```{r setup, include = FALSE}
knitr::opts_chunk$set(
collapse = TRUE,
comment = "#>"
)
```
```{r}
(subject.size.vec <- unique(as.integer(10^seq(0,3.5,l=100))))
(backtrackers <- c(
if(requireNamespace("stringi"))atime::atime_grid(
ICU=stringi::stri_match(subject, regex=pattern)),
atime::atime_grid(
PCRE=regexpr(pattern, subject, perl=TRUE),
TRE=regexpr(pattern, subject, perl=FALSE))))
backtrackers.result <- atime::atime(
N=subject.size.vec,
setup={
subject <- paste(rep("a", N), collapse="")
pattern <- paste(rep(c("(a)?", "\\1"), each=N), collapse="")
},
expr.list=backtrackers)
backtrackers.best <- atime::references_best(backtrackers.result)
plot(backtrackers.best)
```
The plot above shows that ICU/PCRE/TRE are all exponential in N
(subject/pattern size) when the pattern contains backreferences.
```{r}
all.exprs <- c(
if(requireNamespace("re2"))atime::atime_grid(
RE2=re2::re2_match(subject, pattern)),
backtrackers)
all.result <- atime::atime(
N=subject.size.vec,
setup={
subject <- paste(rep("a", N), collapse="")
pattern <- paste(rep(c("a?", "a"), each=N), collapse="")
},
expr.list=all.exprs)
all.best <- atime::references_best(all.result)
plot(all.best)
```
The plot above shows that ICU/PCRE are exponential time whereas
RE2/TRE are polynomial time.

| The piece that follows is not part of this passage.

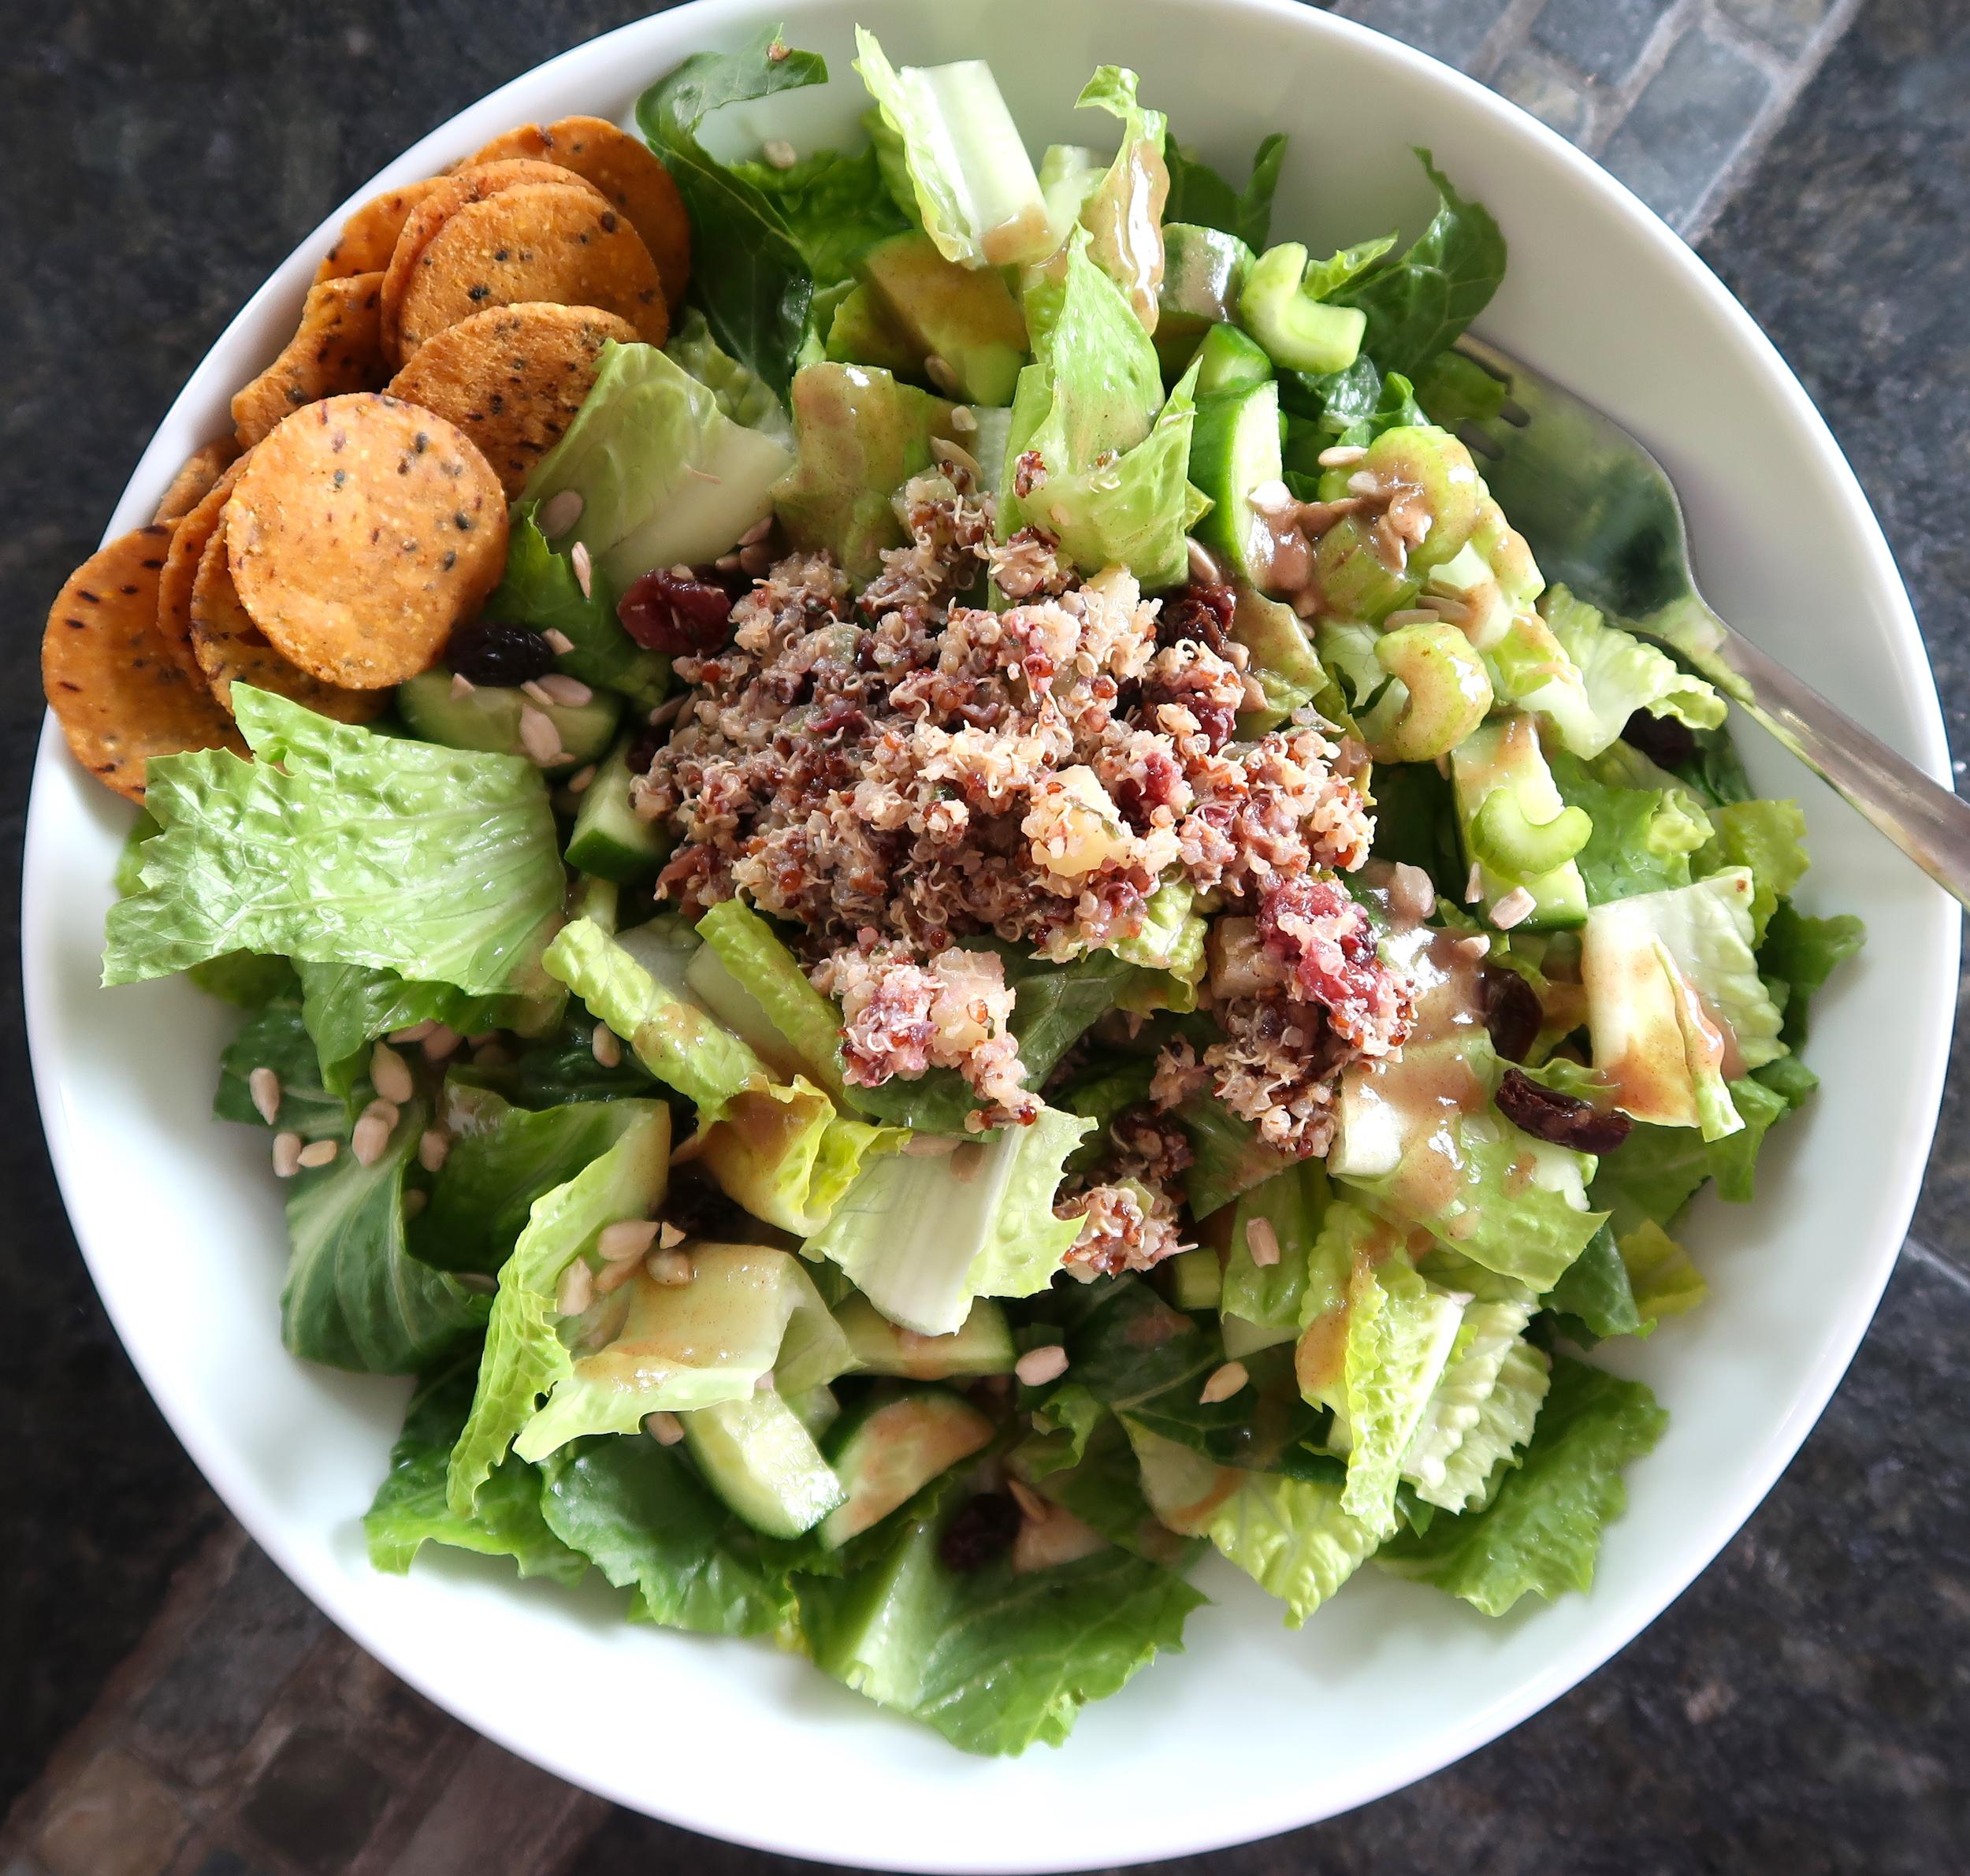 snackface-salad-trader-joes-quinoa.jpg

Exercise for the reader: modify the above
code to use the `seconds.limit` argument so that you can see what
happens to ICU/PCRE for larger N (hint: you should see a difference at
larger sizes).
## Interpolate at seconds.limit using predict method
```{r}
(all.pred <- predict(all.best))
summary(all.pred)
```
The `predict` method above returns a list with a new element named
`prediction`, which shows the data sizes that can be computed with a
given time budget. The `plot` method is used below,
```{r}
plot(all.pred)
```
## `atime_grid` to compare different engines
In the `nc` package there is an `engine` argument which controls which
C regex library is used:
```{r}
nc.exprs <- atime::atime_grid(
list(ENGINE=c(
if(requireNamespace("re2"))"RE2",
"PCRE",
if(requireNamespace("stringi"))"ICU")),
nc=nc::capture_first_vec(subject, pattern, engine=ENGINE))
nc.result <- atime::atime(
N=subject.size.vec,
setup={
rep.collapse <- function(chr)paste(rep(chr, N), collapse="")
subject <- rep.collapse("a")
pattern <- list(maybe=rep.collapse("a?"), rep.collapse("a"))
},
expr.list=nc.exprs)
nc.best <- atime::references_best(nc.result)
plot(nc.best)
```
The result/plot above is consistent with the previous result.